The federal government funds 2,300 Canadian magazines with $30 million annually, yet that doesn't seem to be enough in light of the number of titles that have recently ceased publishing.
It is a bald misstatement, a conflation of the total number of magazines of all kinds in the country and the funding that some magazines receive from the Canada Magazine Fund. The facts are that less than a tenth of published titles receive any funding at all. Slightly more qualify for a subsidized postal rate -- but then, so do newspapers. And the failure rate is nowhere demonstrated in the story to be either extraordinary or increasing.
(Lewis also spells
Masthead publisher Doug Bennet's name wrong and confuses
Harper's magazine with the fashion title
Harper's Bazaar.)
The story cites
Toro, Saturday Night and the
Western Standard as examples that apparently represent the parlous nature of the business. The first was summarily executed by the rich man who lost interest in his plaything, the second had more lives than a cat. The third isolated itself in a narrow, partisan niche.
"Magazines come and magazines go," says Doug Bennett [sic], publisher of Masthead magazine, which covers the industry in Canada.
"We track all the launches and closures of magazines in Canada, and in 2006, we tracked 21 closures. Of them, 18 per cent were one year of age or younger, and 31 per cent were between one and five years old.
"So half of all magazines in Canada fold in their first five years.
"An analogy with the restaurant business is one that's often used."
These kinds of statements about the iffy nature of magazine publishing is repeated so often that even knowledgeable people in the industry seem to believe it. But it's simply wrong.
The plain fact is that, according to
a study by Statistics Canada*, 45% of
all business startups don't survive longer than
two years. While almost three quarters of small business startups survive the first year, less than one third of companies with fewer than five employees were in business after five years.

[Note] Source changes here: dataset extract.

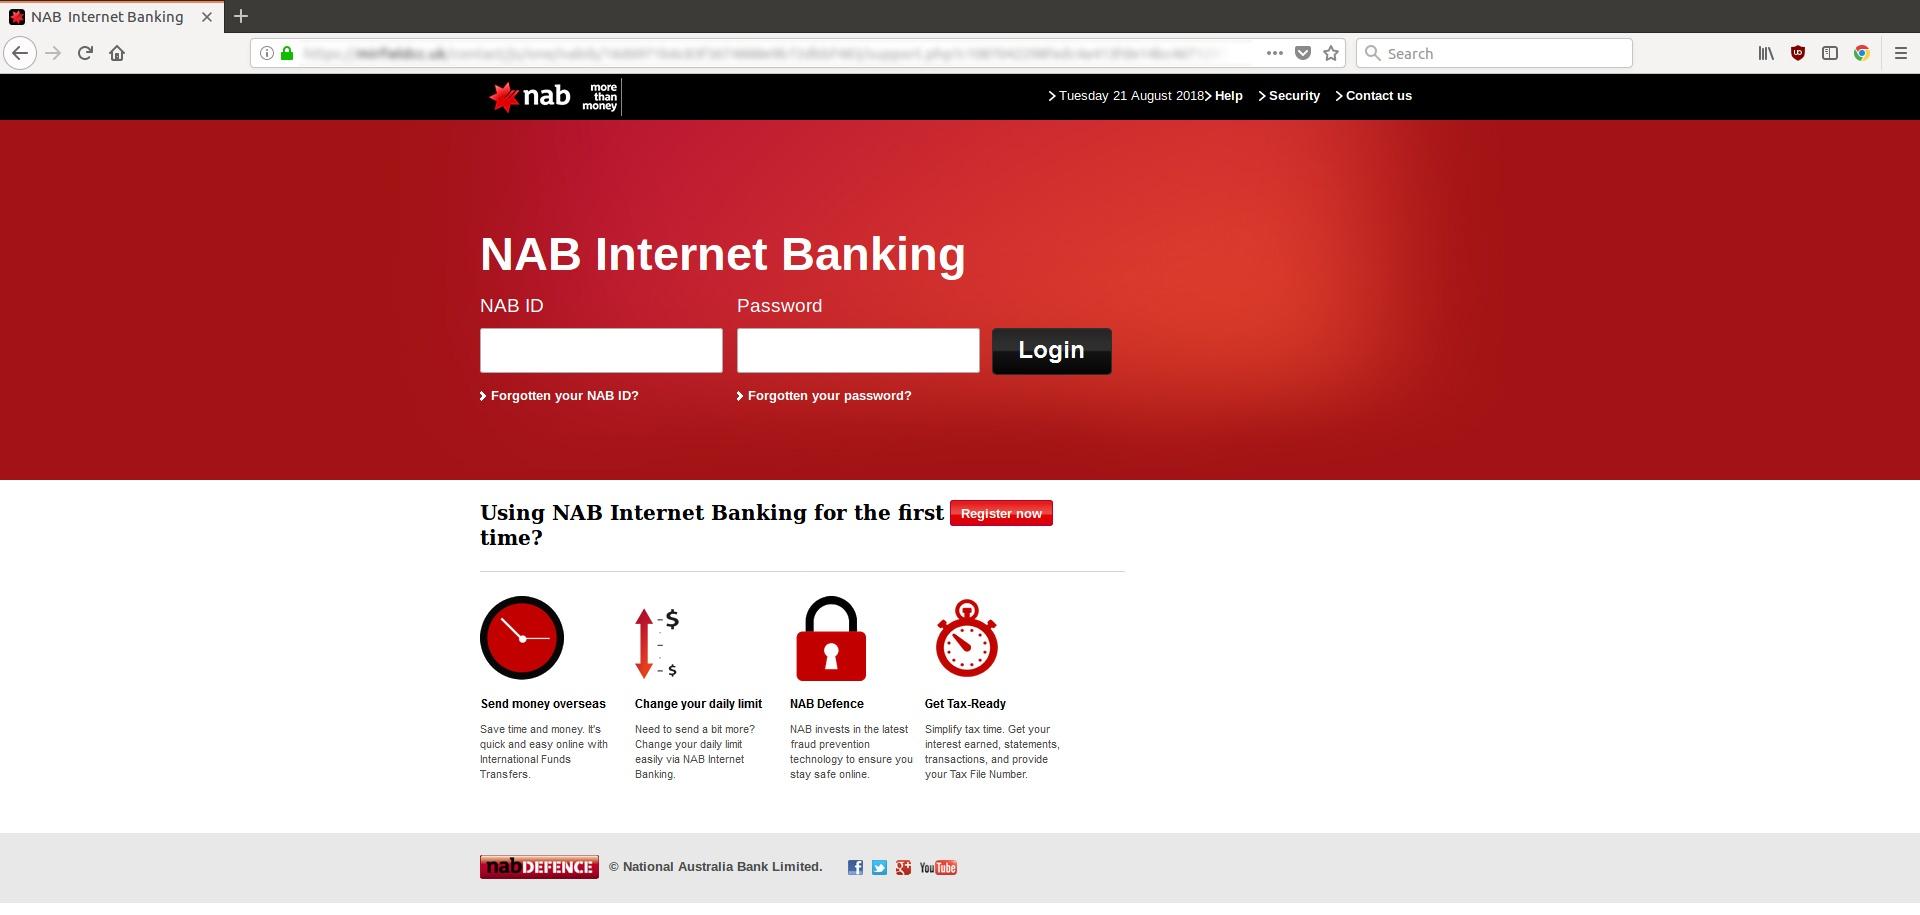 NAB Bank branding hijacked in new credit card fraud

At least half of new companies in Canada go out of business before their third anniversary, and only one-fifth of them survive a decade, according to a new study investigating the factors that are related to success and failure in young enterprises.

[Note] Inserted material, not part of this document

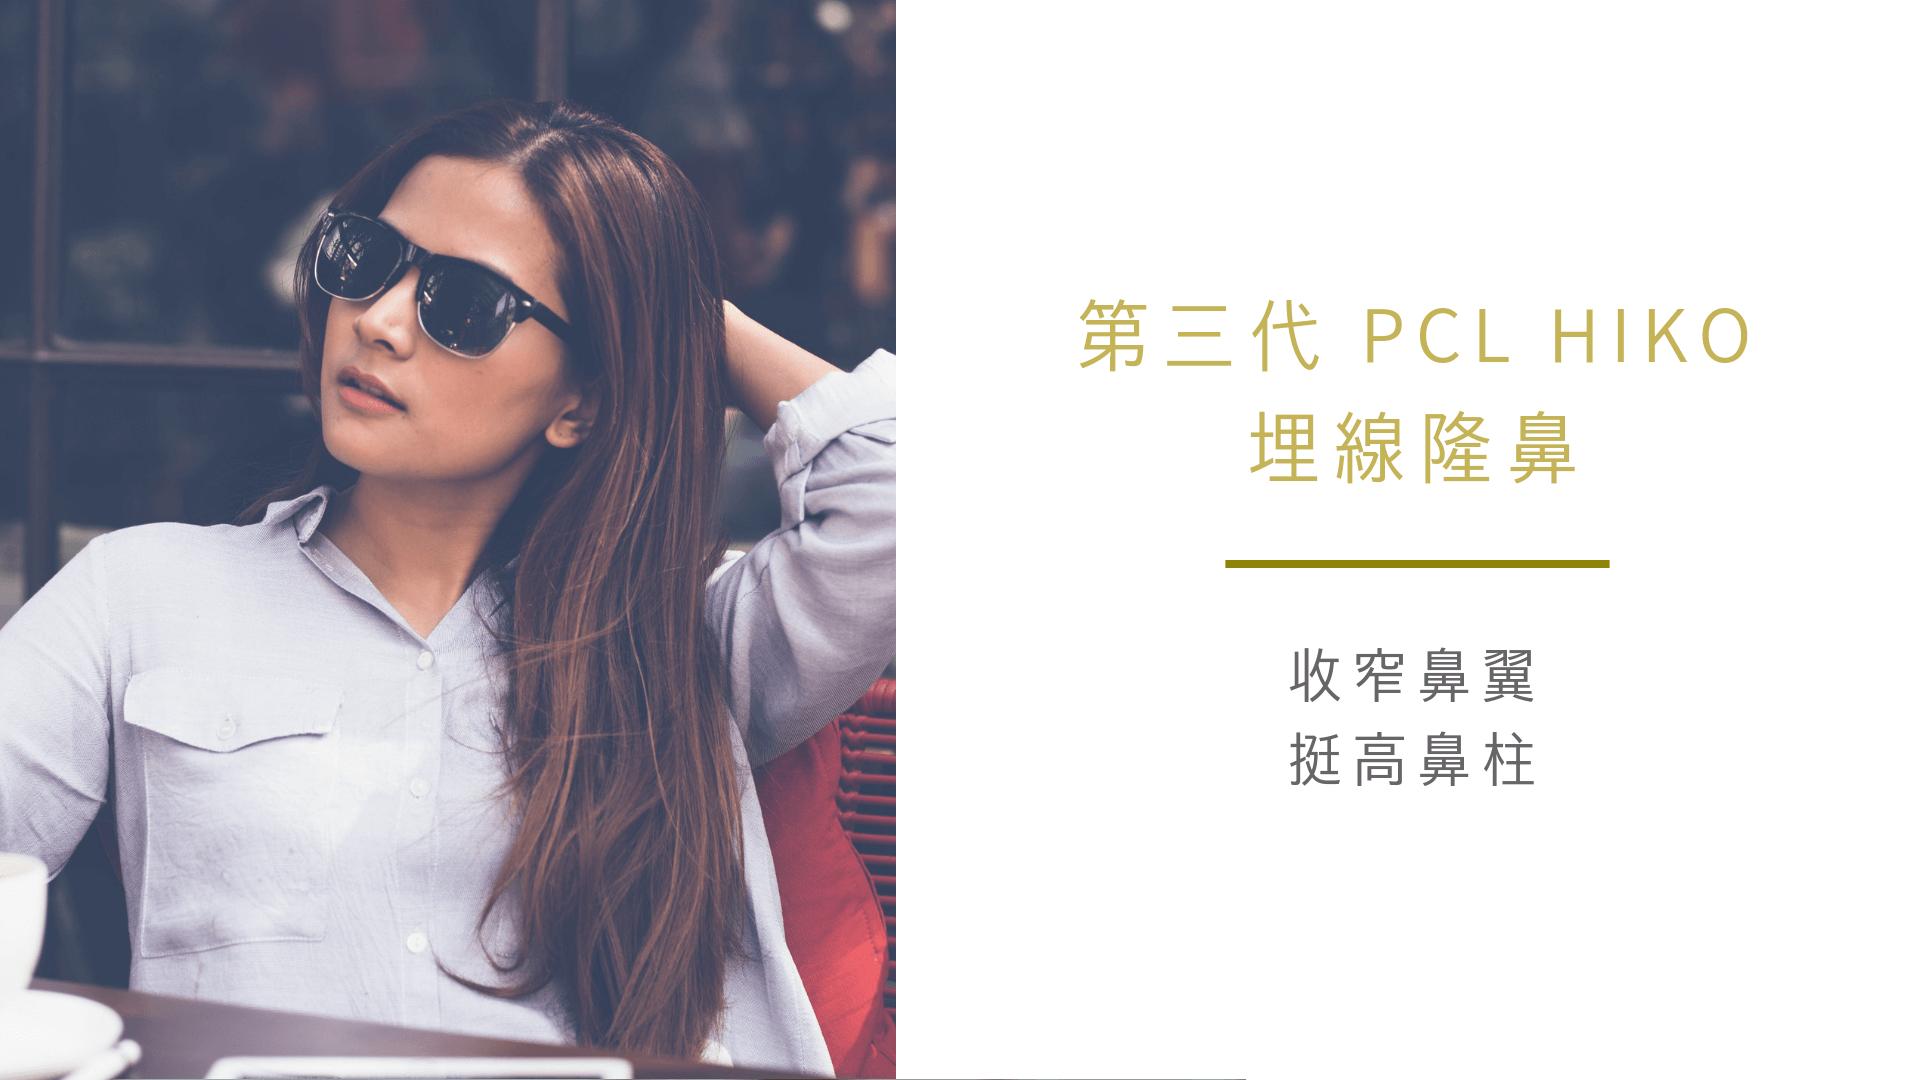 PCL Hiko 第三代埋線隆鼻

In fact, roughly one out of every four new firms (23%) won't make it past their first birthday, according to the study which examined 1.3 million businesses that began operations during the 10 years between 1984 and 1994. The study found that new businesses have short lives, about six years on average.
So, it could just as well be said that magazines are a better bet than other kinds of businesses.
Masthead's own tally shows that more than twice as many magazines were started as closed over the period 1996-2006.
Further down in the
Herald story, Bennet is allowed this observation:
Despite the difficulties facing the industry, there are many Canadian magazines thriving for many different reasons.
"There are a number of small operations that are doing very well, thank you," says Bennett. "It has to do with creating a publication where there's a real reader need and there's enough advertisers in that field to support a business model."
Let's hope that Calgary readers got that far.
And, as an industry, let's resolve to correct the record the next time anyone tries to suggest that startup magazines are any more, or less, risky than any other entrepreneurial activity. A well-considered, well-run magazine with a good audience is no more likely to fail than any other well-conceived and well-run business. Bad businesses and bad magazines fail, but so what?
*
Failure rates for new Canadian firms: New perspectives on entry and exit. Statistics Canada, 2000.